戚照硯看見了她眸子中的迷蒙之意,或許她不勝酒力,今日本就是來消愁的,一時心頭像是被針尖紮了下。

他將自己的語氣放得和緩了些,幾乎是以誘哄的語調和荀遠微道:“殿下,酒喝多了對身體不好。”

荀遠微瞪了他一眼:“你管我?”

戚照硯只好將手松了開來。

荀遠微卻也沒有真得繼續喝酒,似是在低垂著腦袋想什麽。

忽然,她擡頭看向戚照硯。

恰此時戚照硯也正盯著她。

“戚照硯。”

“殿下。”

異口同聲。

戚照硯沒有說話,示意她先說。

“你知不知道,其實我很羨慕你。”荀遠微隨手將酒壺丟到身邊,任憑沒有喝完的酒灑在枯草上,而後將自己的雙臂環在膝蓋上,頭枕在上面,偏頭看著戚照硯。

戚照硯聞言,不免有些錯愕,“羨慕臣?”

因為他方才想說的,也是他很羨慕荀遠微,但眼下看來,是沒有機會了。

荀遠微緩慢地點點頭,“準確來說,是羨慕曾經的你。”

戚照硯瞳孔一震,卻也沒有反駁。

“天下人皆知,你我曾經因為彼此的那兩篇賦,被稱為‘文壇雙璧’,可那只是十五歲以前的我,我提劍上戰場後,便沒有這樣的機會了,我不止一次地聽過你又寫出了什麽新的作品,聽你出使靺鞨,看著你起家便是門下省給事中,這些都是我欣羨不來的……”荀遠微說著低下頭去。

戚照硯想自己一定是瘋魔了,當年的事情,便是章綬有時同他提起,他都是嚴詞拒絕,他一點都不想想起當年的事情,但他竟然會為了荀遠微一次次地突破自己的底線。

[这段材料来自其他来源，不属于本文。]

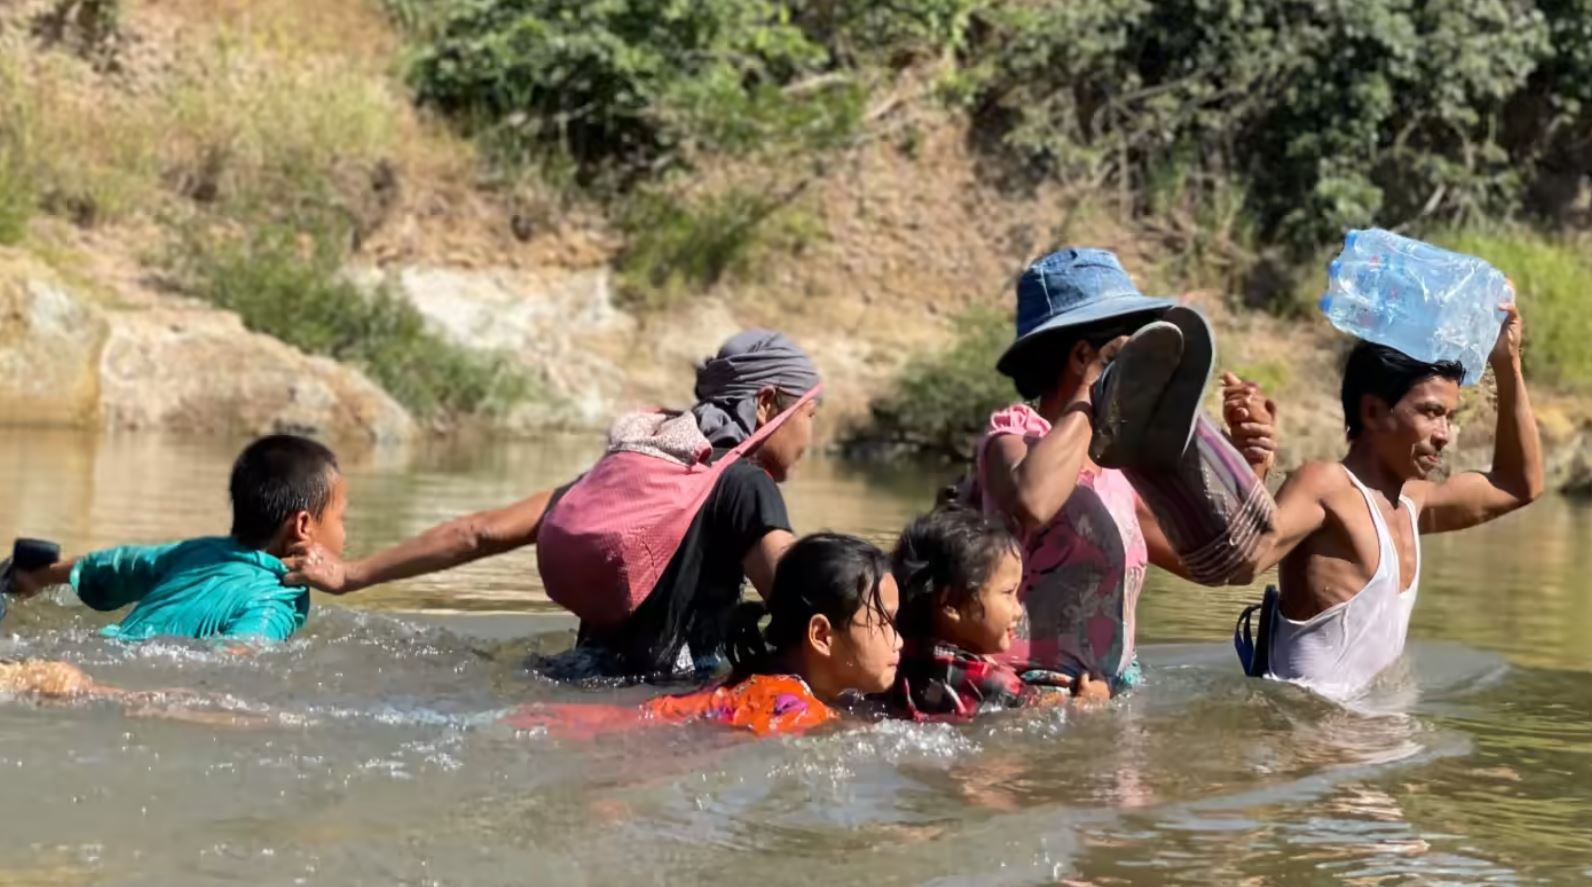 တိုက်ပွဲကြောင့် ထွက်ပြေးလာရသည့် စစ်ဘေးရှောင်အချို့။ ဓာတ်ပုံ - Free Burma Ranger

在荀遠微將自己努力地想忘記的少年事一件件地擺在面前時,他竟然,一點都不生氣。

他更沒想到,自己會說:“但是這許多年來,既沒有人否認殿下在文學上的造詣,更沒有人敢忽視殿下的戰功,如若不是因為殿下鎮守北疆這幾年,將靺鞨阻擋在關外,大燕哪裏會有休整內政的機會,殿下才是大燕的長城。”

荀遠微又緩緩轉過頭來,看著他,眨了眨眼,“真得嗎?”

“嗯。”

荀遠微又搖了搖頭,“不是的,我連一個最平凡、最無辜的人都護不住,這些年沒有戰事,也不是我一個人的功績,我很清楚,那是因為有萬萬千千的將士曾經為國捐軀,馬革裹屍換來的。”

戚照硯耐下心性:“那殿下一定是戰場上那面紅幡,大燕有殿下,是大燕之福。”

荀遠微被他說的心神一動,語氣中也帶上了期待:“你不要騙我。”

戚照硯低聲笑了聲:“臣所言,字字句句,都出自於肺腑。”

荀遠微卻不依不饒,“那你發誓。”

戚照硯彎著眼睛,當著荀遠微擡起自己手,豎起三根手指,“好,我發誓,我沒有說謊。”

荀遠微直起身子,將他沒有完全合攏的手指並在一起,這才恢覆了方才的姿勢:“這樣才對。”

“都聽你的。”

戚照硯的嗓音如若初春時節山澗中流淌的泉水一樣潺潺溫和。

荀遠微這才滿意地點了點頭。

一陣涼風吹拂過來,荀遠微的一縷發絲也遮在了她臉上。

戚照硯俯身,探上了那縷青絲。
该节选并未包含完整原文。